Sabahın taze ışıkları, ruhumuzu coşku ve merakla doldururken Ahlat’a doğru yolculuğumuza başladık… Bir rüya gerçek oluyordu… Her döneme ait bir hikâye anlatan bu eski topraklara Abdurrahman Gazi Türbesi’nin kapısından girdik. Bu türbe, geçmişin sırlı kapılarını aralamamıza yardımcı oldu.
Abdurrahman Gazi, tarihin tozlu sayfalarında kayıp gitmiş bir kahraman gibi dururken, bu topraklarda Hz. Ömer zamanında hayatın kaynağı olan İyaz bin Ganem komutasındaki el-Cezire’nin parlayan yıldızıydı. Bu toprakların hikâyesi, sanki tarihin derinliklerinden yükselen eski bir destanın notaları gibiydi. Muaz bin Cebel’in soyundan gelen bu kahraman, Arap ordularının Ahlat’ı fethi sırasında şehit olmuştu. İşte bu topraklar, sanki kahramanların ruhlarıyla işlenmiş bir tabloydu; her köşesi, tarihin nefes aldığı ve bize de nefes aldırdığı bir eser gibi duruyordu.

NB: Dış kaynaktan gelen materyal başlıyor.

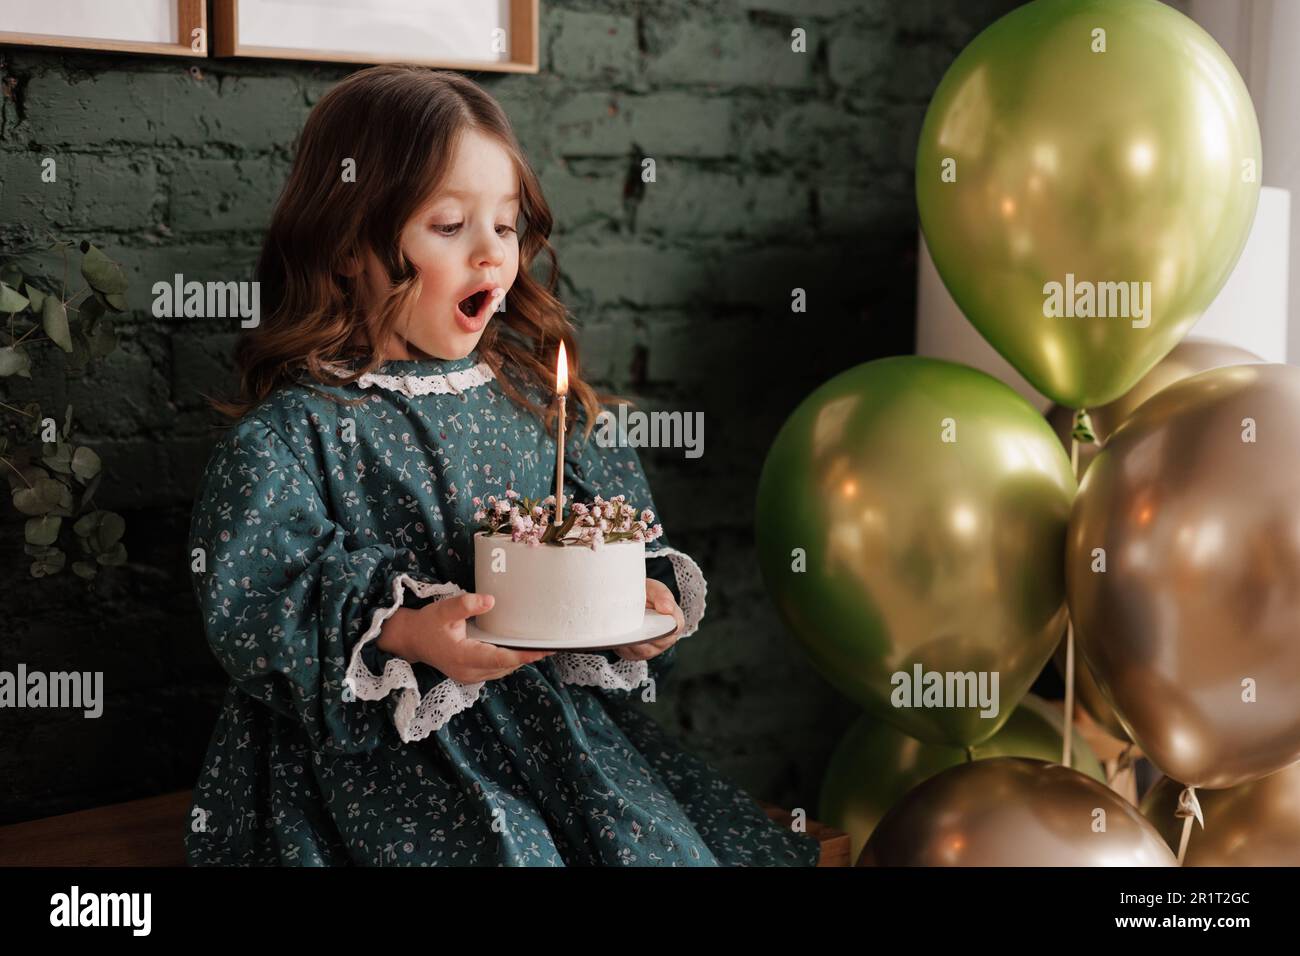 Chica de cumpleaños 4-5 años de edad está celebrando el cumpleaños

Emir Bayındır Camisi ve Kümbet’inin göz kamaştıran bir mimarisi vardı. İslâm’ın estetik anlayışı, burada zirveye ulaşıyordu. Hem minaresi, hem kümbeti, İslam’ın incelikleriyle işlenmiş bir dua gibi yükseliyordu.
“Harabe Şehir”e ayak bastığımda, bu adının tam anlamıyla haklılığını gördüm. Harabe Şehir, adeta bir zaman makinesiydi. İnsanı geçmişin derinliklerine çeken, tarihin görkemli resmini sunan bir yerdi. Mağara evlerinin derinliklerine indiğimizde, geçmişin sessiz sırlarını keşfetmeye başladık.
Yolculuğumuz boyunca yanımda olan Muharrem Kartancı Hocamız’ın oğlu Efe, sadece bir yol arkadaşı değil, aynı zamanda bu serüvenin büyülü haritasını çizen bir hayal gücü ile her anı özel kılan bir dosttu.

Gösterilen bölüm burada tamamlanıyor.